Per correggere questo male nel paese, Sir Doi (Mikijiro Hira) cerca il samurai Shimada (Koji Yakusho) e lo trova pacificamente a pescare in cima a una scala nel mare – ma con la sua spada, ovviamente, vicino. Shimada cerca poi un’altra dozzina di guerrieri che si uniscano a lui, e questo processo ci è familiare da innumerevoli altri film. Ognuna delle reclute ha la sua personalità e la sua storia, alcune più elaborate di altre, e naturalmente ci deve essere un po’ di sollievo comico, anche se Koyata (Yusuke Iseya) diventa più serio nel calore della battaglia.

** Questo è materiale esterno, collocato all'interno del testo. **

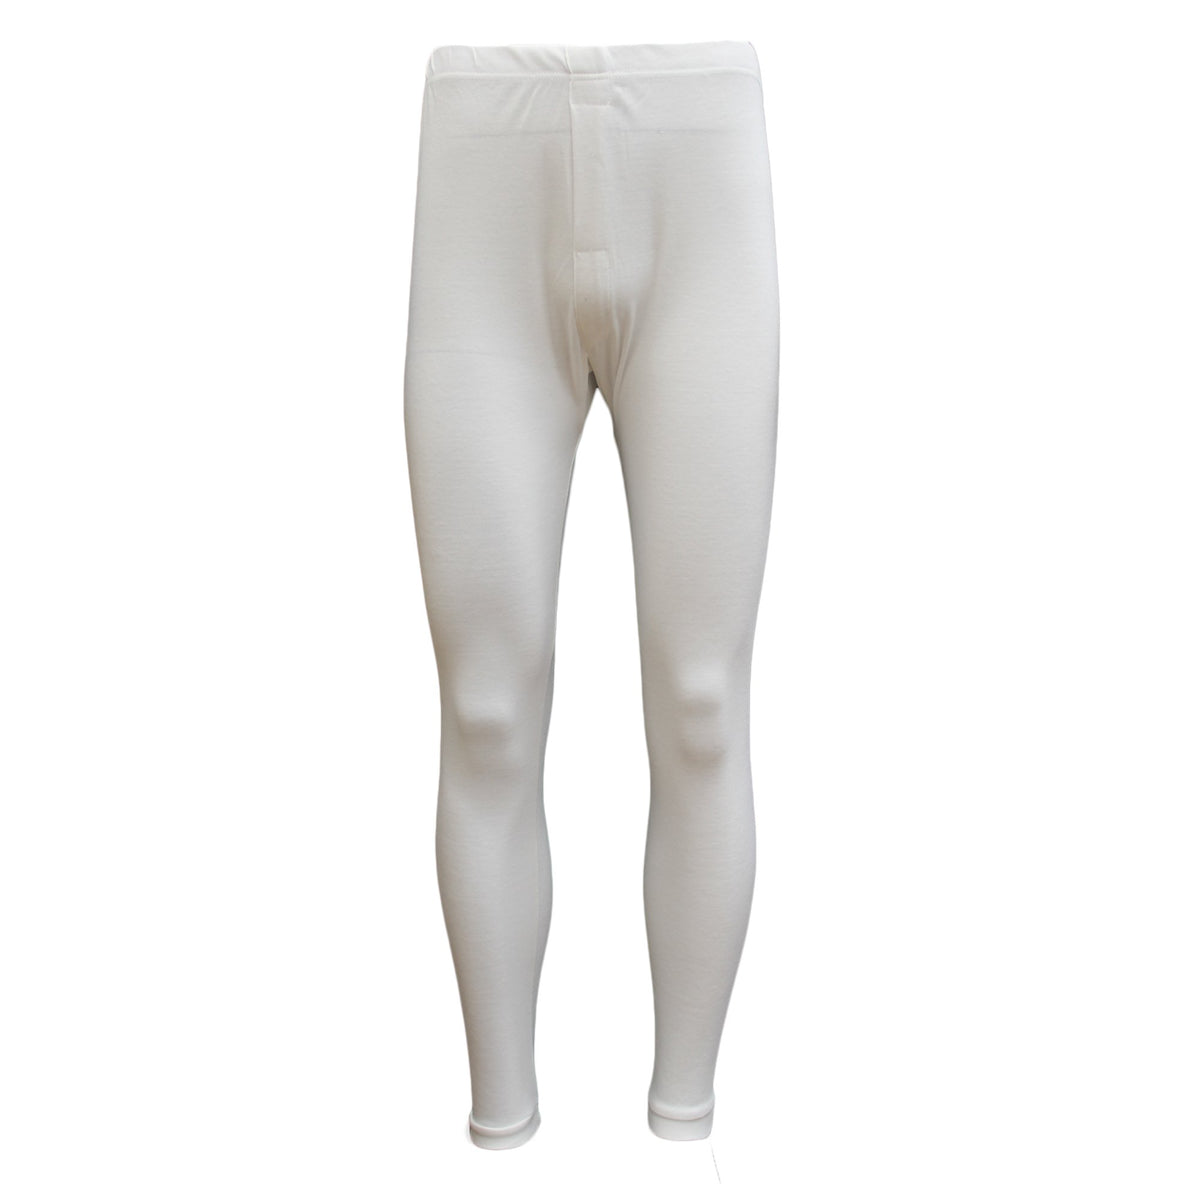 Mens Merino Wool Top Pants Thermal Leggings Long Johns Underwear Pajamas, Men&#39;s Long Johns - Beige, M

Le probabilità per questi eroi sembrano impossibili; sono solo 13 e Lord Naritsugu ne schiera almeno 200 contro di loro. Miike ci risparmia il capriccio che 13 uomini buoni possano sconfiggere 200 uomini malvagi, e fa preparare ai suoi samurai un intero villaggio come trappola. È chiaro che questo è pianificato, ma i dettagli rimangono vaghi, e quando le sorprese iniziano, sarebbe logico, credo, chiedere esattamente come gli assassini abbiano trovato il tempo e le risorse per organizzare un’imboscata così elaborata. Logico, ma non giusto; non si fanno domande del genere nei film che richiedono la tua fede.